THE TASK – Nothing outside the range is wanted. Repeat exactly the lines below from the one with "Cardcaptor Sakura: Clear Card - 2" through the one with "Dynamic Photowerks 187".

TASK INPUT –
┄┄┄┄┄┄┄┄┄┄┄┄┄┄┄┄┄┄┄┄

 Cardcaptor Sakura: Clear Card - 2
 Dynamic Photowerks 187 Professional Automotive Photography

┄┄┄┄┄┄┄┄┄┄┄┄┄┄┄┄┄┄┄┄

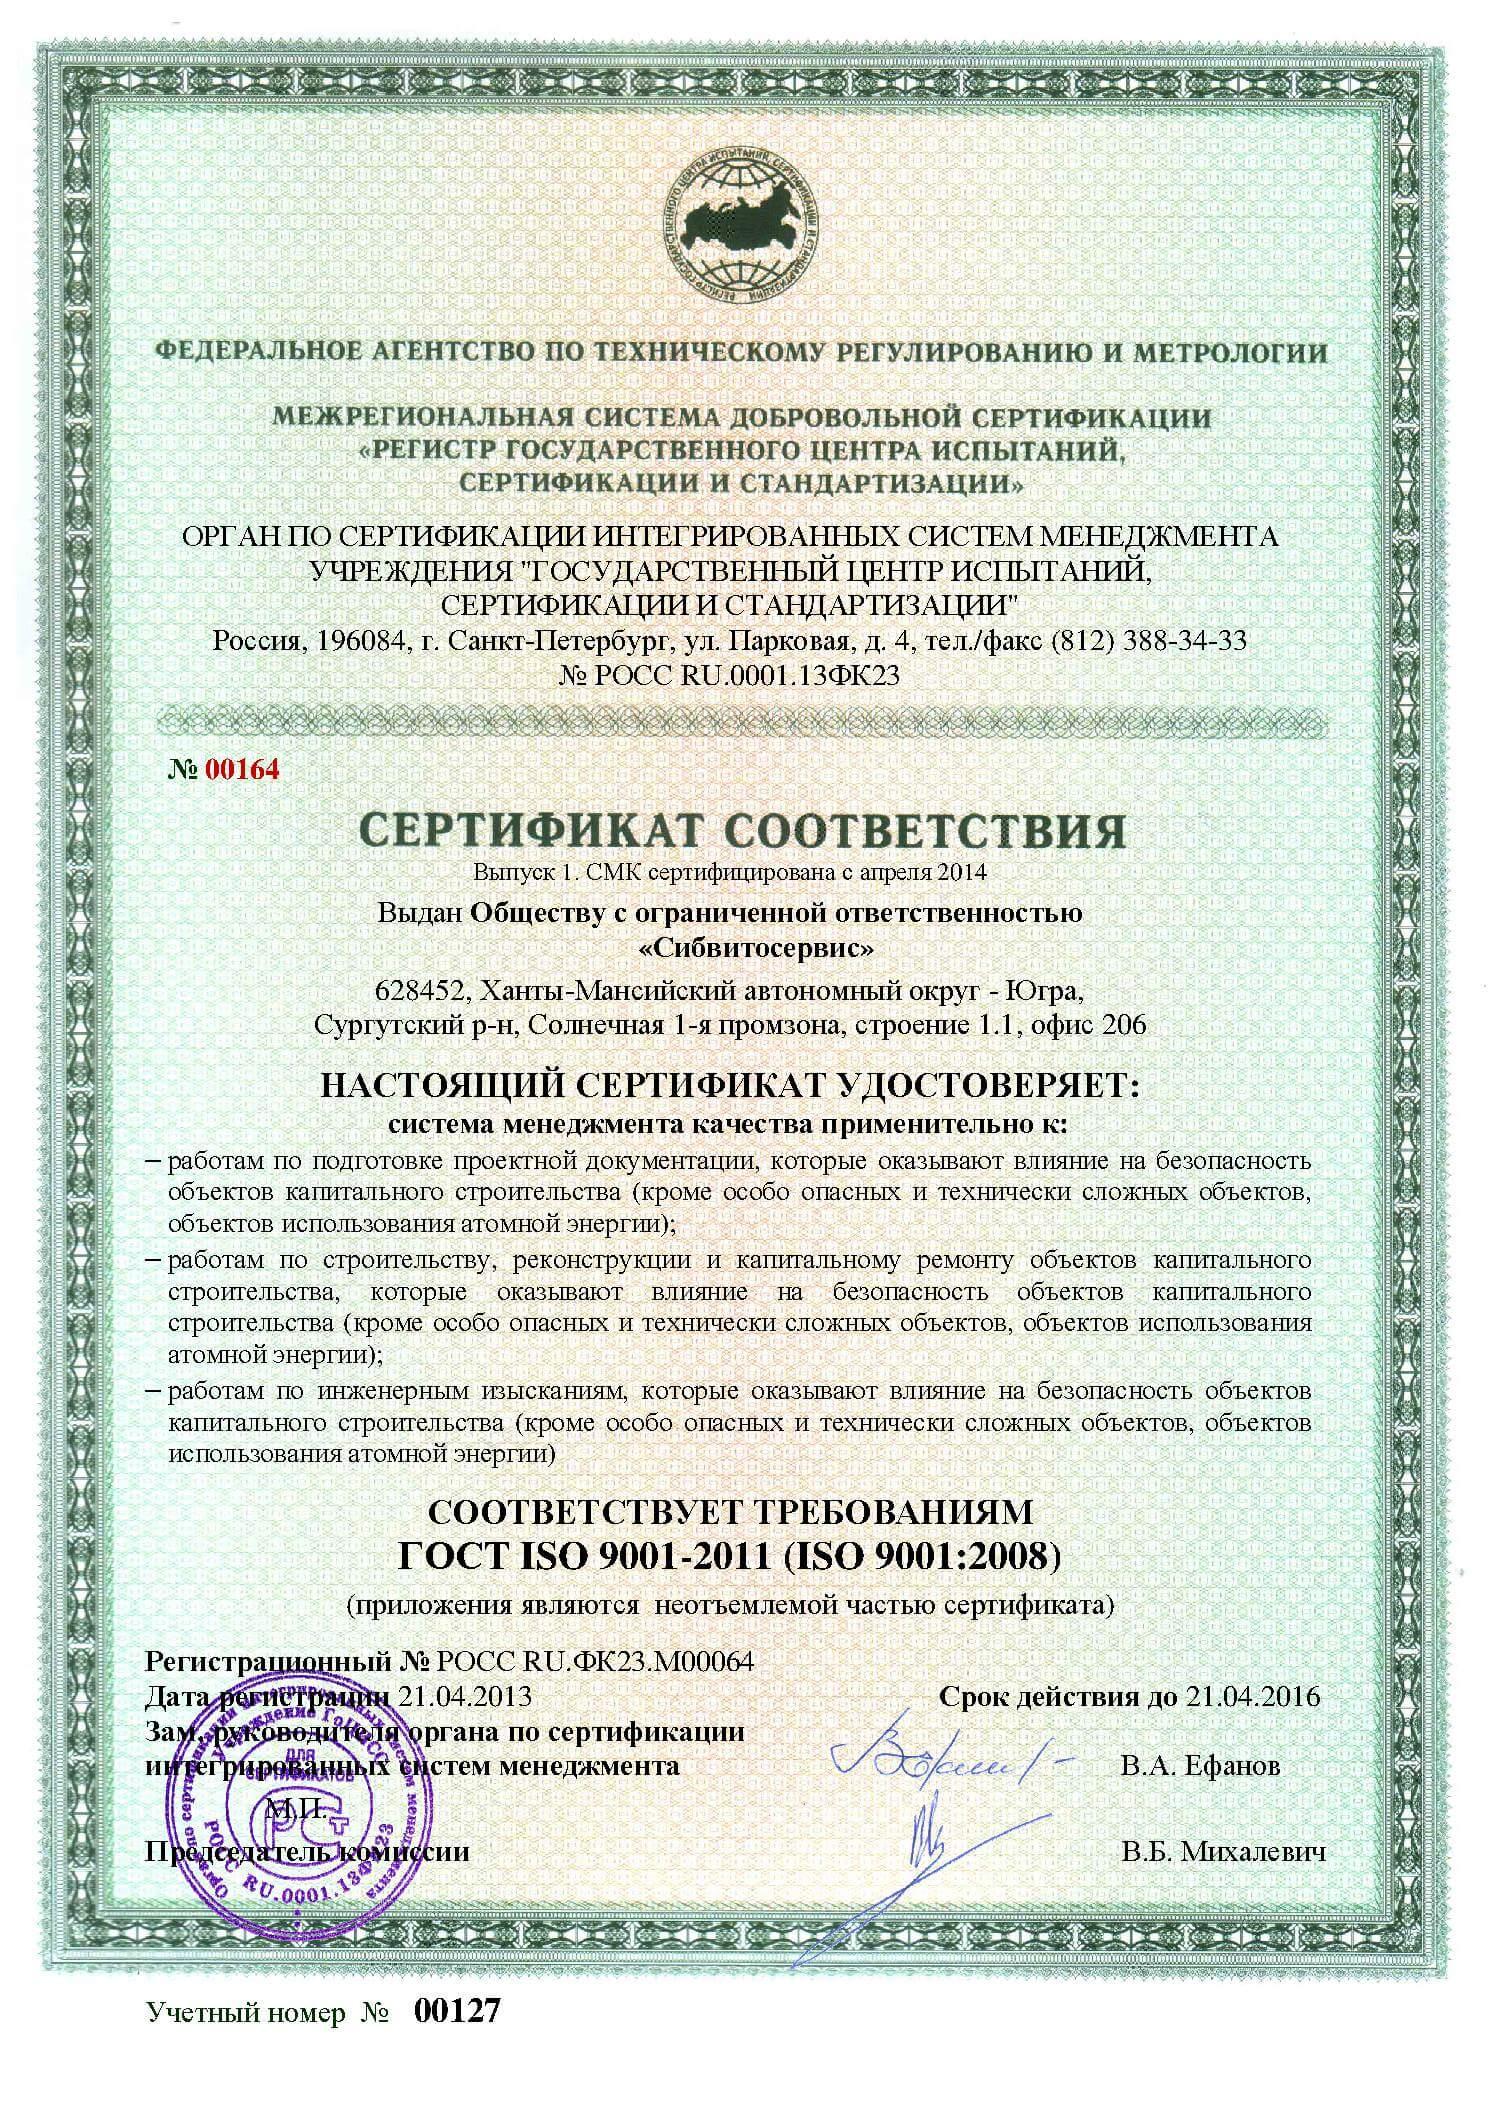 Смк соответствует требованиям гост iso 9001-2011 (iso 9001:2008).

┄┄┄┄┄┄┄┄┄┄┄┄┄┄┄┄┄┄┄┄

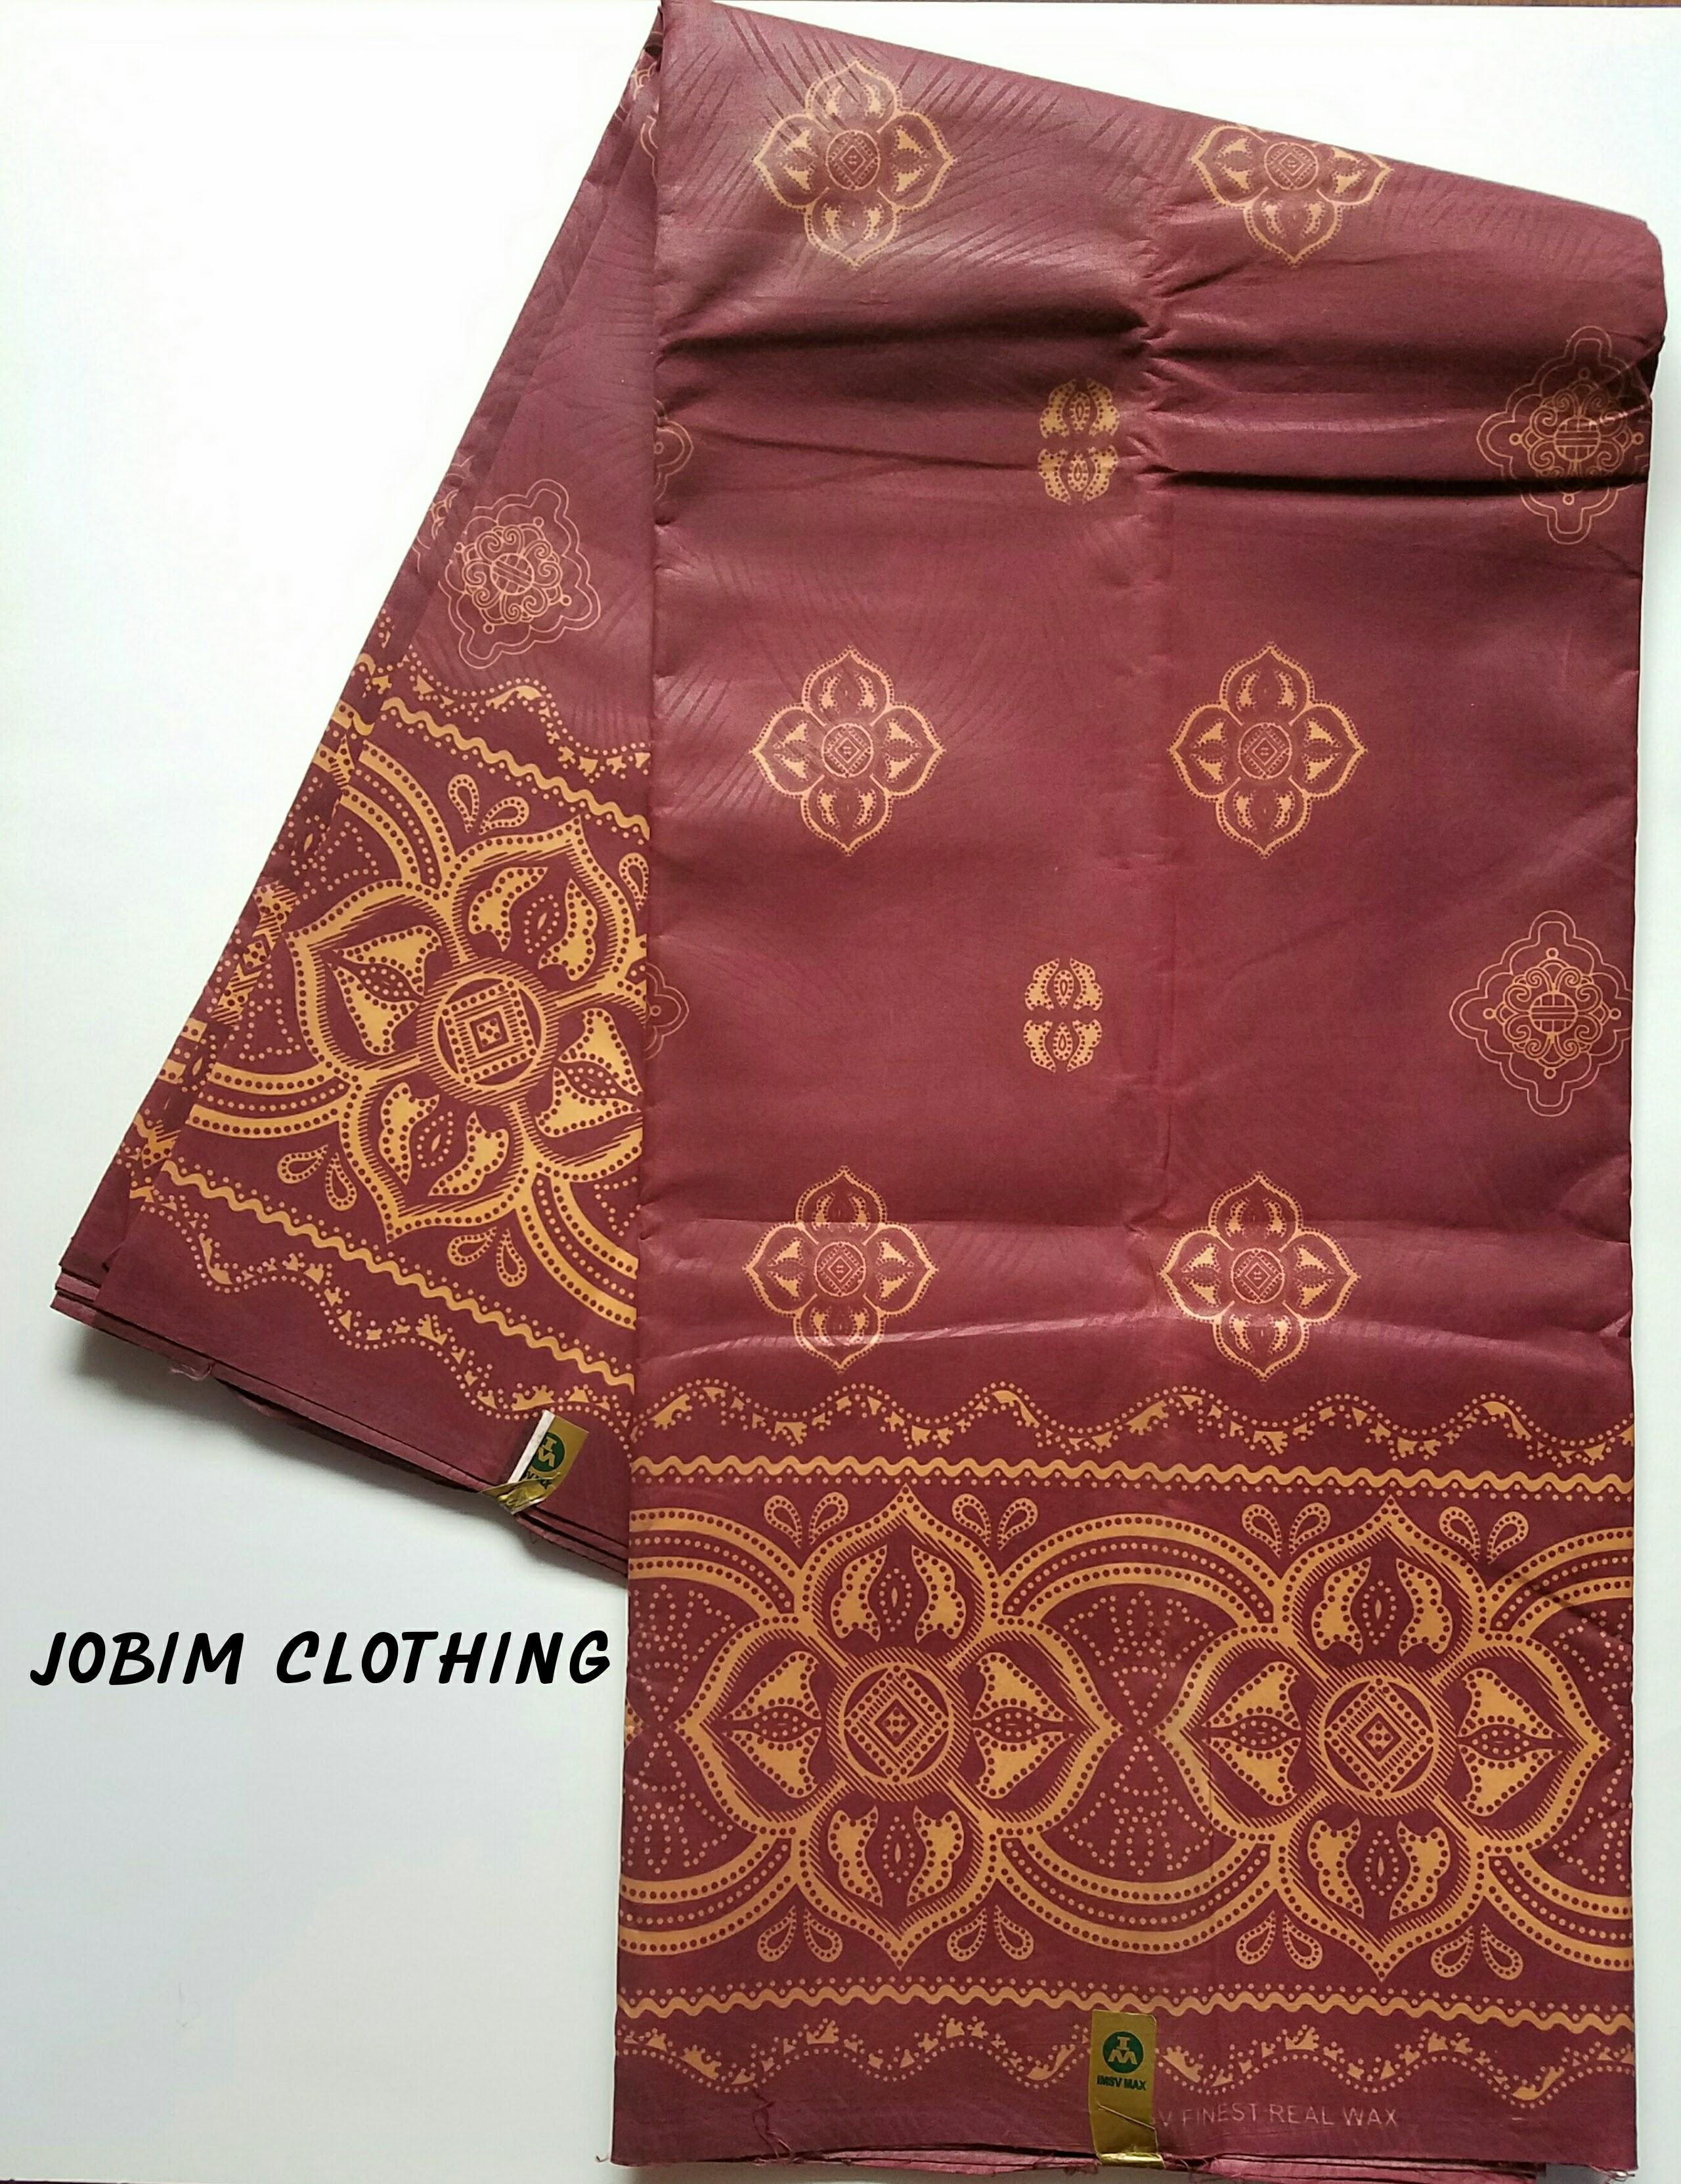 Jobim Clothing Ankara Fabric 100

┄┄┄┄┄┄┄┄┄┄┄┄┄┄┄┄┄┄┄┄

SOLUTION TO THE PROBLEM –
 Cardcaptor Sakura: Clear Card - 2
 Dynamic Photowerks 187 Professional Automotive Photography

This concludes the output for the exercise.